While the staff paper acknowledges some of the many positive aspects of lead generation, it focuses on what regulators are likely to view as the negatives:

  • Complexity and Lack of Transparency: The FTC staff recognized that the online lead generation process is complex and often not transparent to consumers. They suggest that consumers may not understand the process, specifically:
    • That their information may be going to a lead generator not a lender,
    • That their information can be sold multiple times leading to multiple offers from lenders and marketers,
    • That the offer they receive may be coming from the company that bid the most to get their information, and
    • That lenders who buy their information may supplement it with additional information about the consumer obtained from other sources.The staff stated that all of these issues should be prominently disclosed to consumers.

The staff stated that all of these issues should be prominently disclosed to consumers.

  • Aggressive or Potentially Deceptive Marketing: The staff also called attention to lead generators who engage in blatantly misleading advertising. One example cited was a lead generator that disguised loan applications to look like job applications.
  • Potential Abuse of Sensitive Consumer Information: The staff further highlighted that bad actors may purchase or obtain consumer information from lead generators and aggregators and use it to commit acts of fraud. In one recent FTC enforcement action the staff noted, a company was accused of purchasing consumer information and using it to debit funds from consumers’ accounts without authorization.

The staff issued stern warnings to lead buyers and sellers alike that neither will be permitted to benefit from this kind of misconduct and avoid liability.

Lead buyers are warned that “companies who choose to ignore warning signs [of the above misconduct] and look the other way may be at risk of violating the law themselves.”  The staff acknowledged that many lead buyers are taking increasingly sophisticated steps to identify and reject leads potentially obtained through misleading advertising.
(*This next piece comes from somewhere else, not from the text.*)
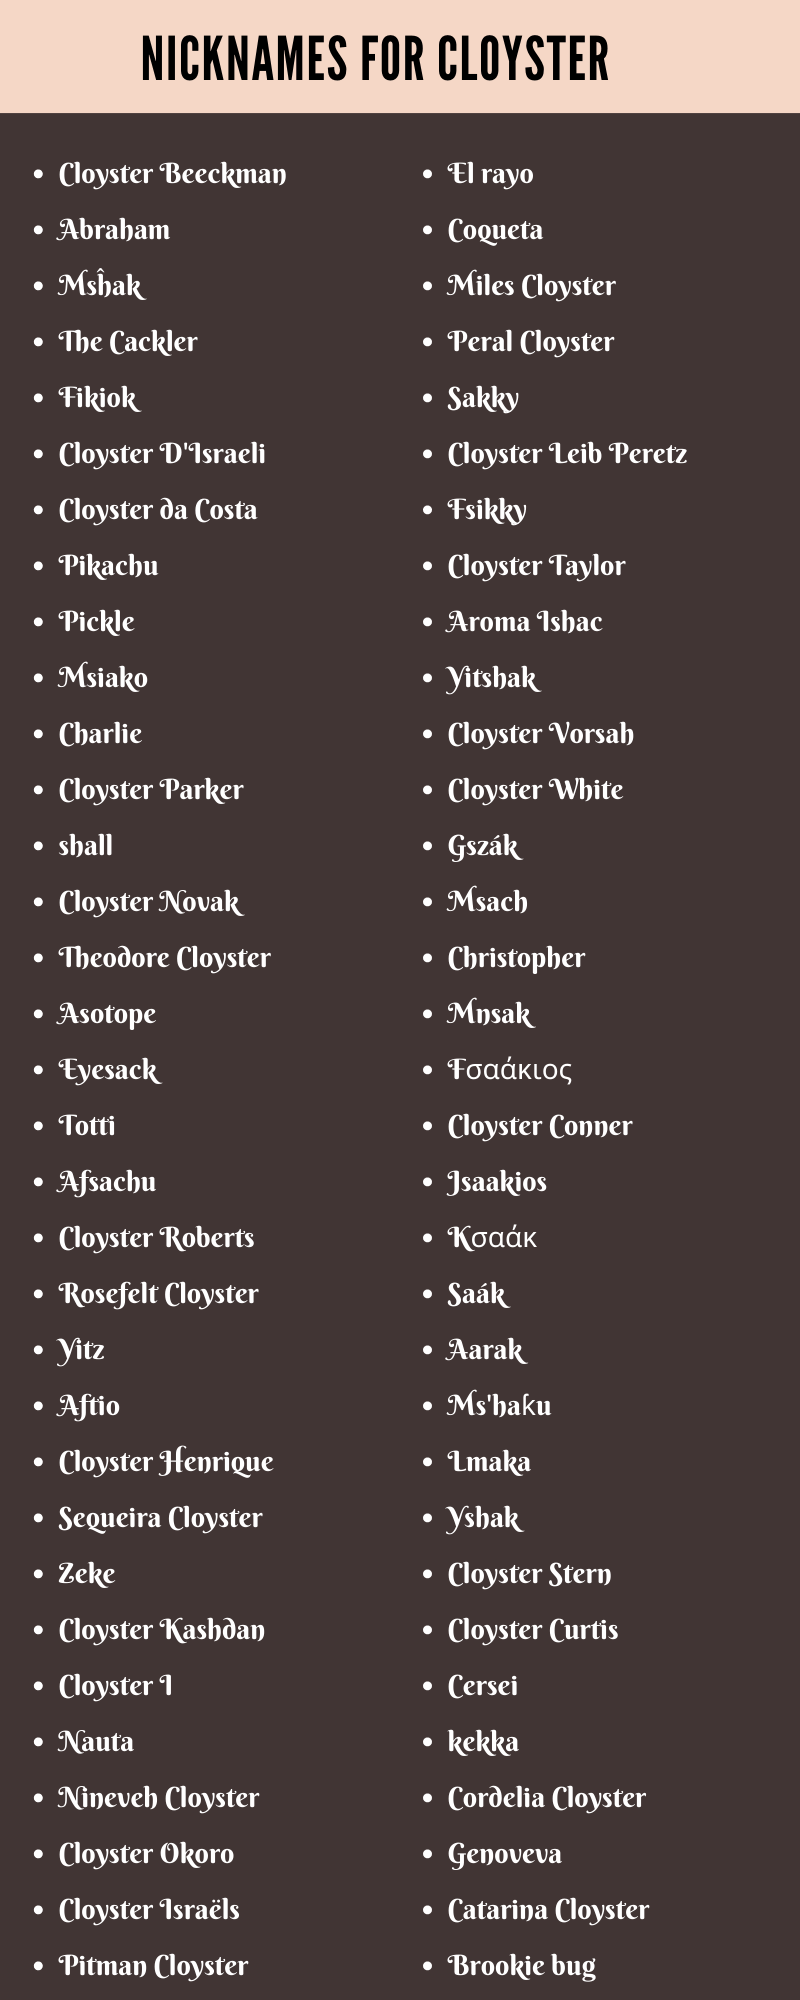 Nicknames For Cloyster

For example, at least one company has developed an online tool that assigns unique identifiers to leads allowing them to be tracked throughout the lead generation ecosystem. Lead buyers can also carefully monitor and audit the sites of companies that they buy leads from. The staff’s warning makes clear that these and other steps are not options for lead buyers who wish to avoid violating the law.

To lead sellers, the staff warns that “ignoring warning signs that third parties are violating the law and pleading ignorance will not shield companies from FTC liability.” The staff explained that self-regulatory bodies such as the Better Business Bureau and the Online Lenders Alliance can help sellers in preventing fraud, if the bodies publish clear guidance and follow-it up with robust monitoring and enforcement. The staff also stated that lead sellers have an obligation to vet and monitor the companies they sell leads to. The staff paper indicates that FTC enforcement in this area will not let up. Thus, following industry best practices and the careful vetting and monitoring of lead buyers are essential for lead sellers to avoid liability.

As we’ve noted previously, we’re seeing an uptick in CFPB enforcement in this area even though the FTC seems to have taken primary responsibility for enforcement actions against lead generators. The FTC staff paper will likely inform the CFPB’s own expectations in its increasingly common enforcement activity in the lead generation ecosystem.